▸ **What you should do**
Data follows below. Repeat exactly the lines between the line holding "Incarcator Sony Vaio" and the line holding "- Stock Image", inclusive, and nothing more; drop pictures.

▸ **Study material**
---

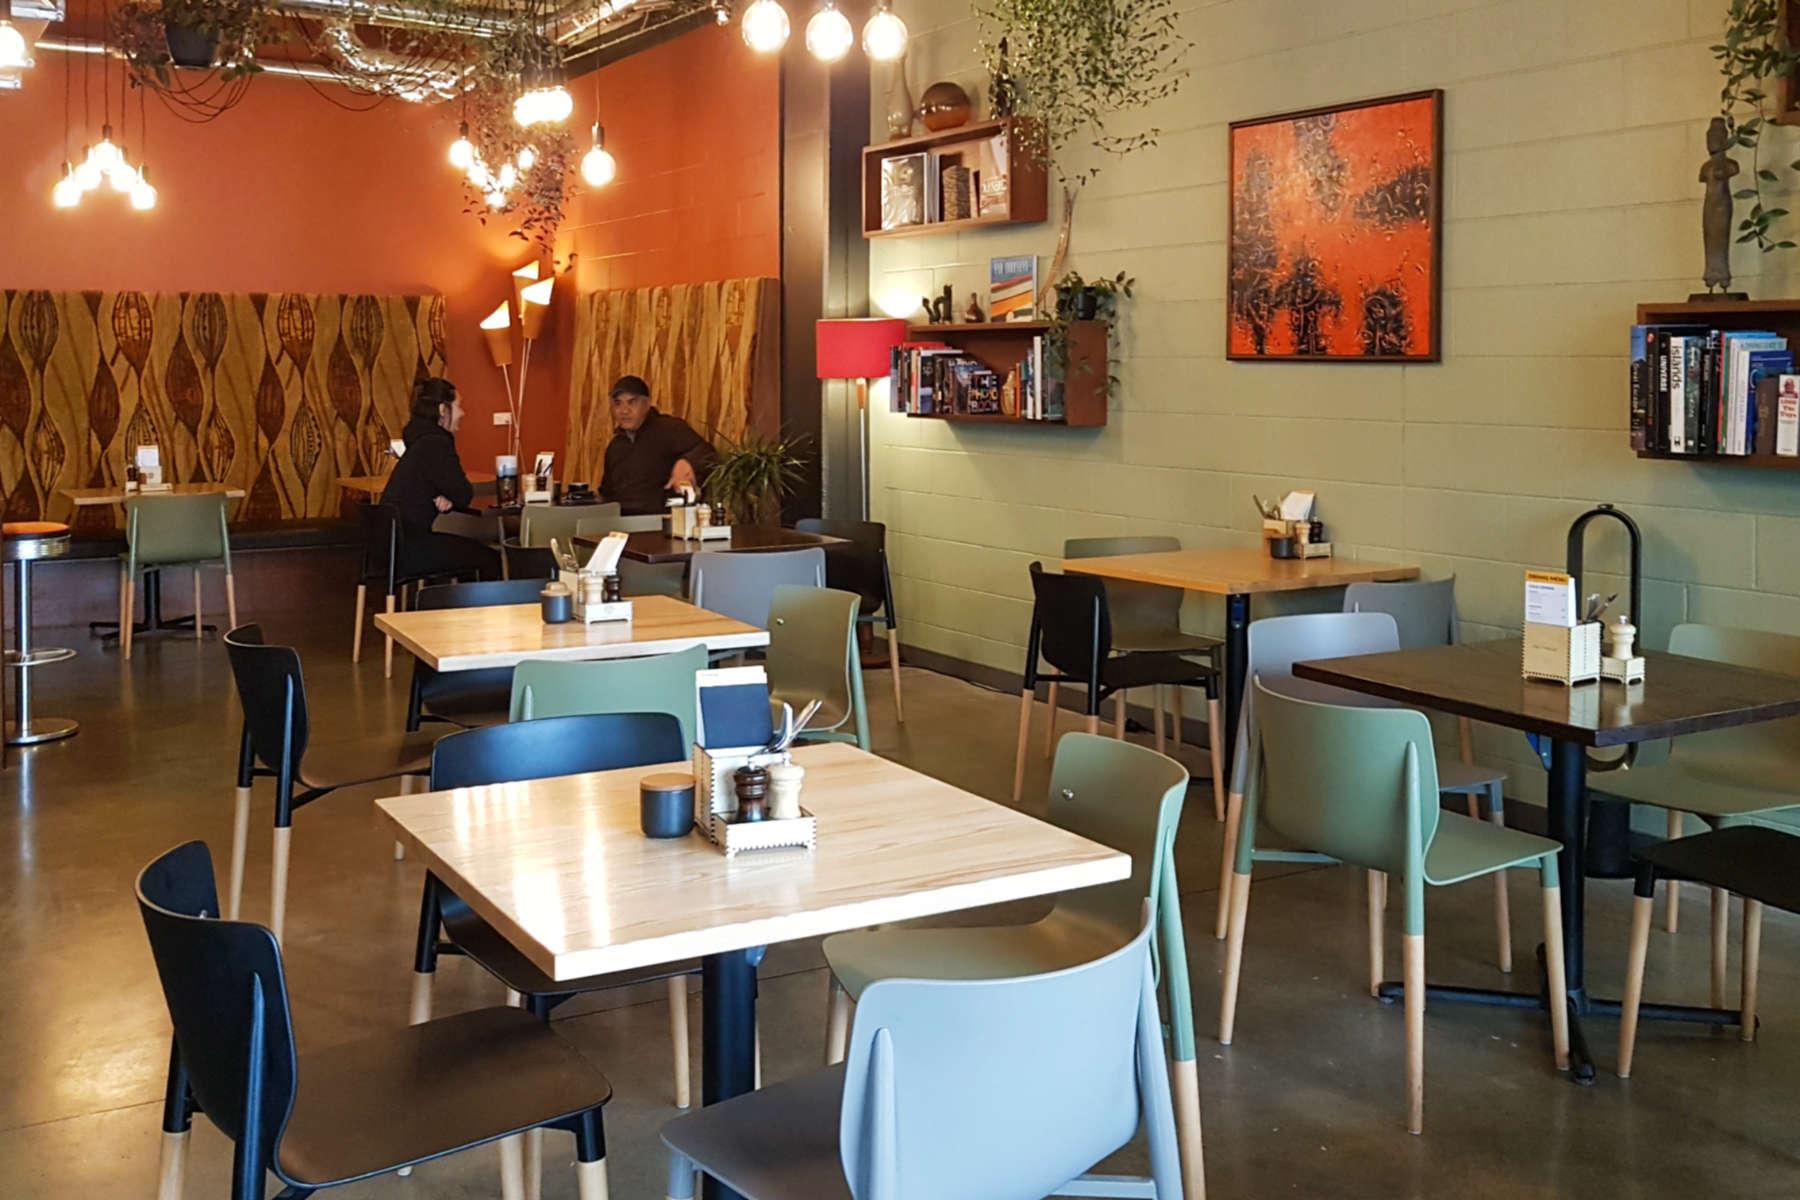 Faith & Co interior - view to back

---

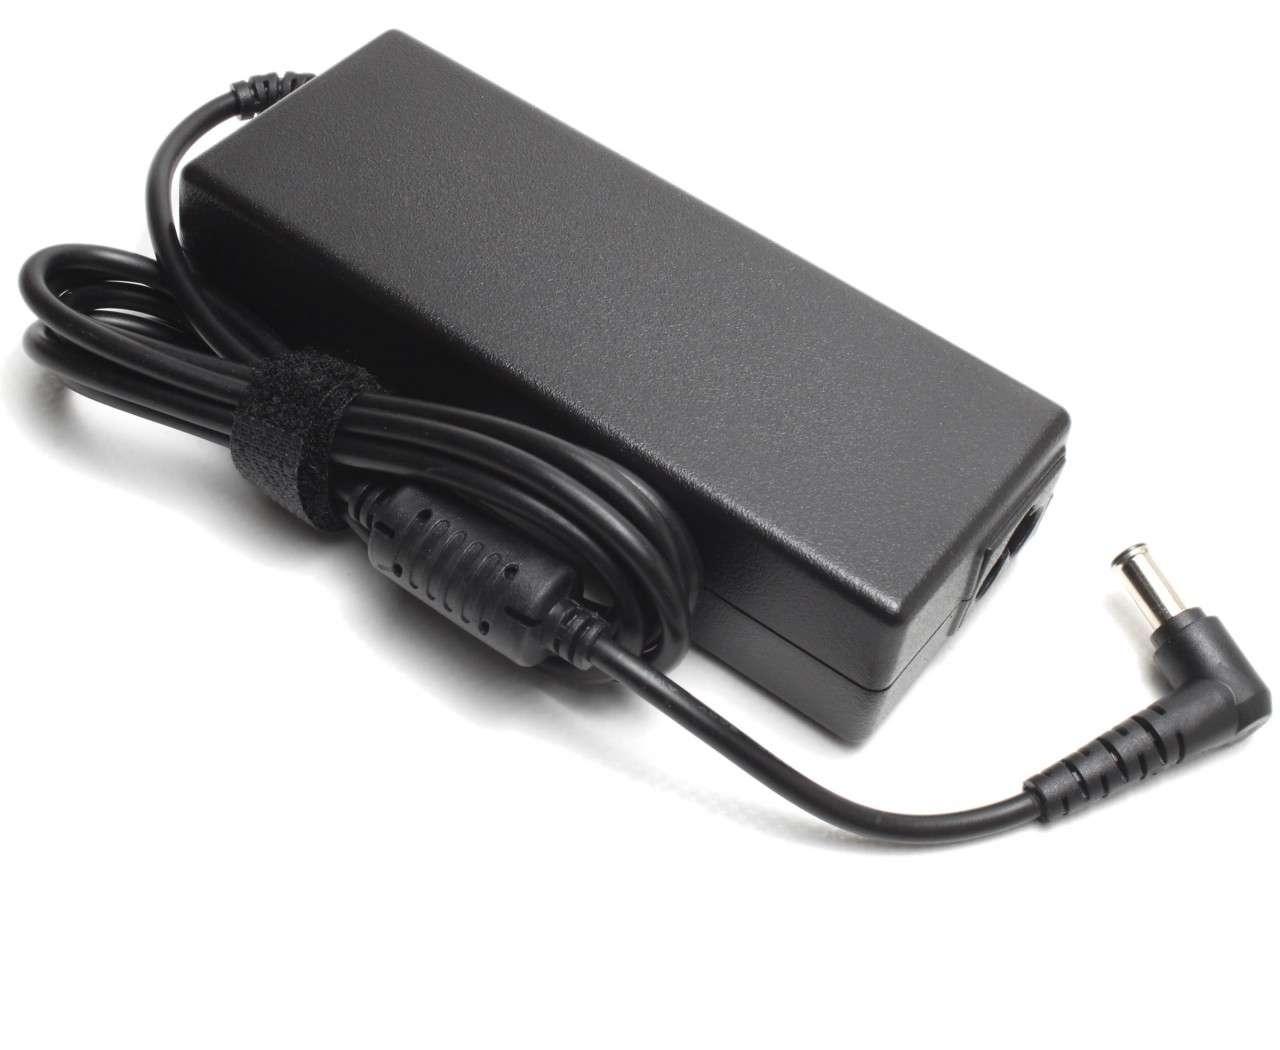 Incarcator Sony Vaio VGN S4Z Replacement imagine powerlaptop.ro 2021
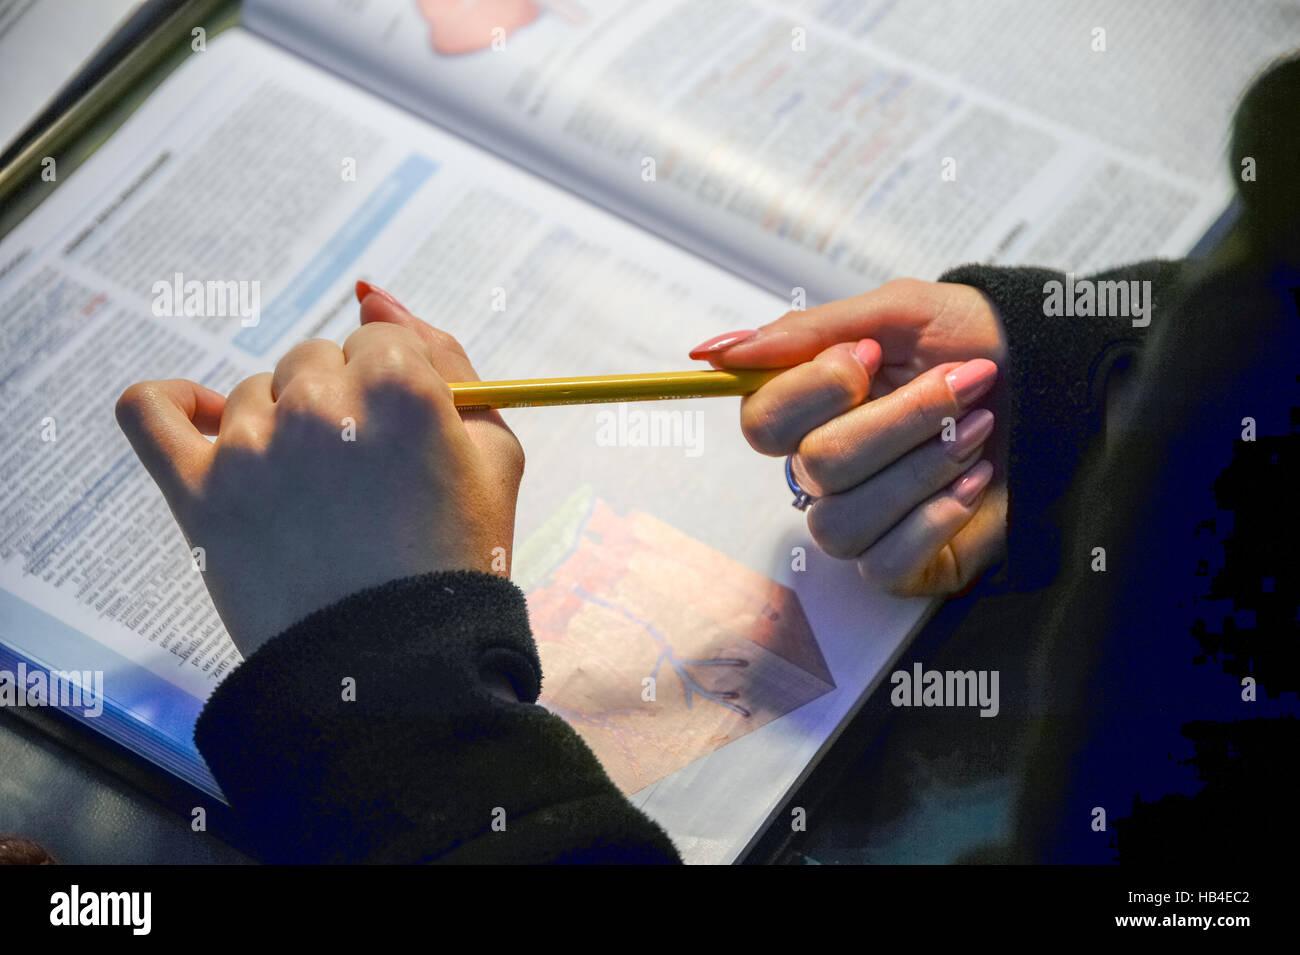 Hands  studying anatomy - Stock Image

---

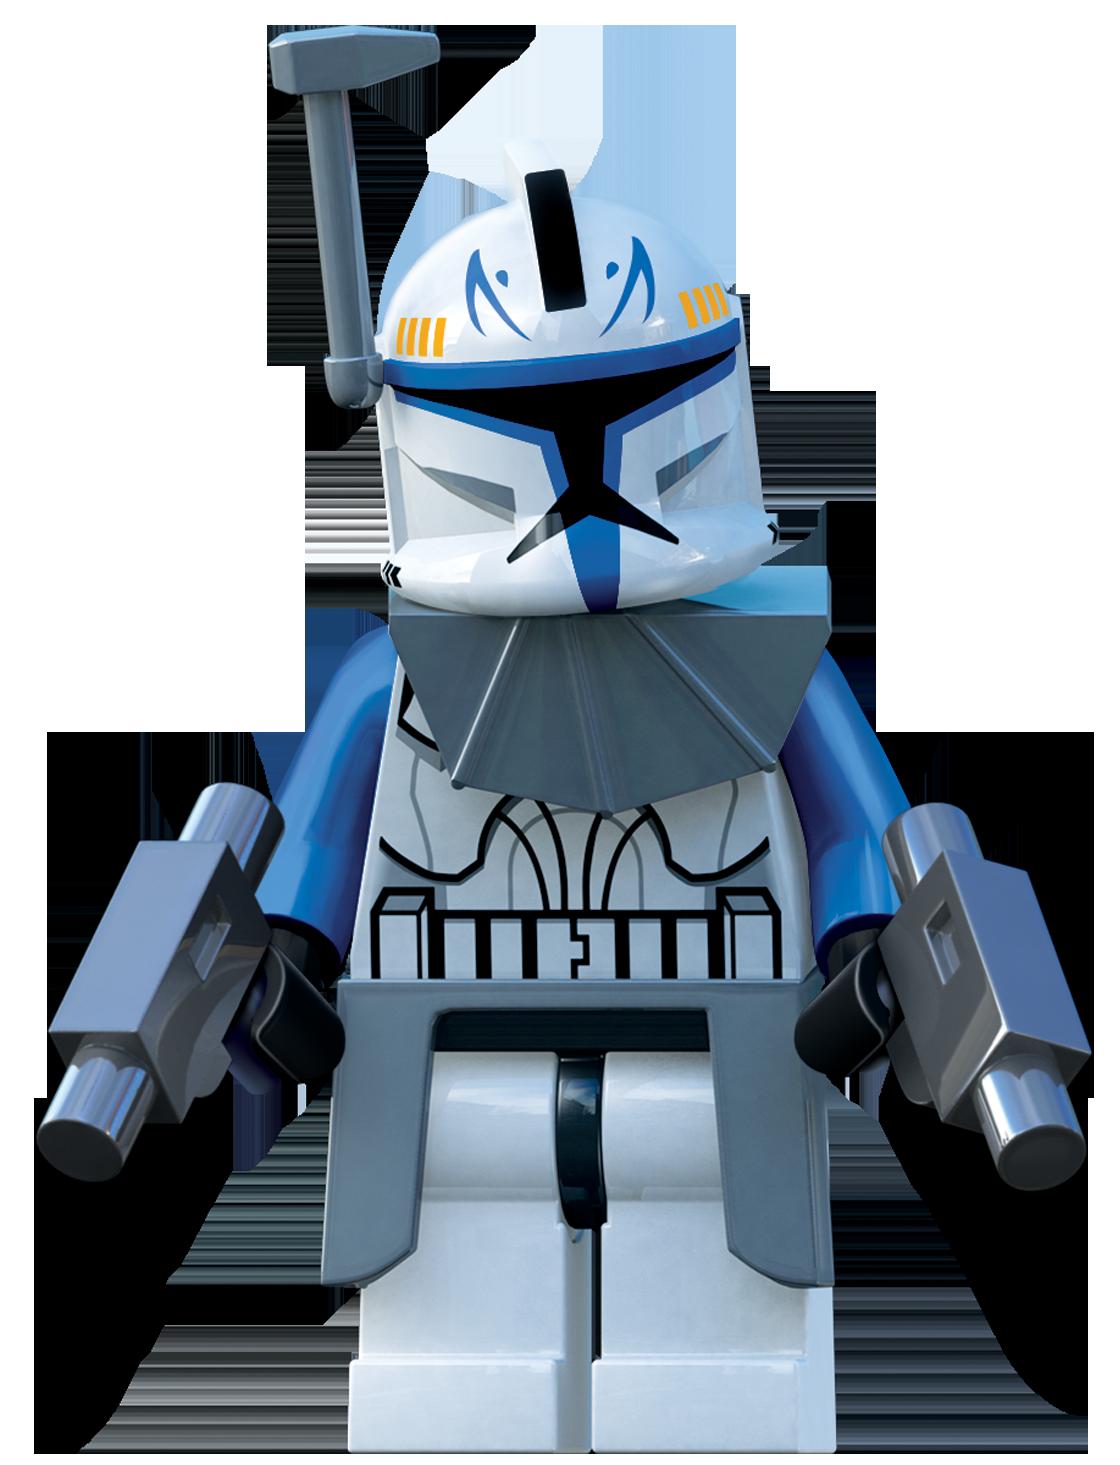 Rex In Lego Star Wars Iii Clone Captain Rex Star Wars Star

---

▸ **Response area**
 Incarcator Sony Vaio VGN S4Z Replacement imagine powerlaptop.ro 2021
 Hands  studying anatomy - Stock Image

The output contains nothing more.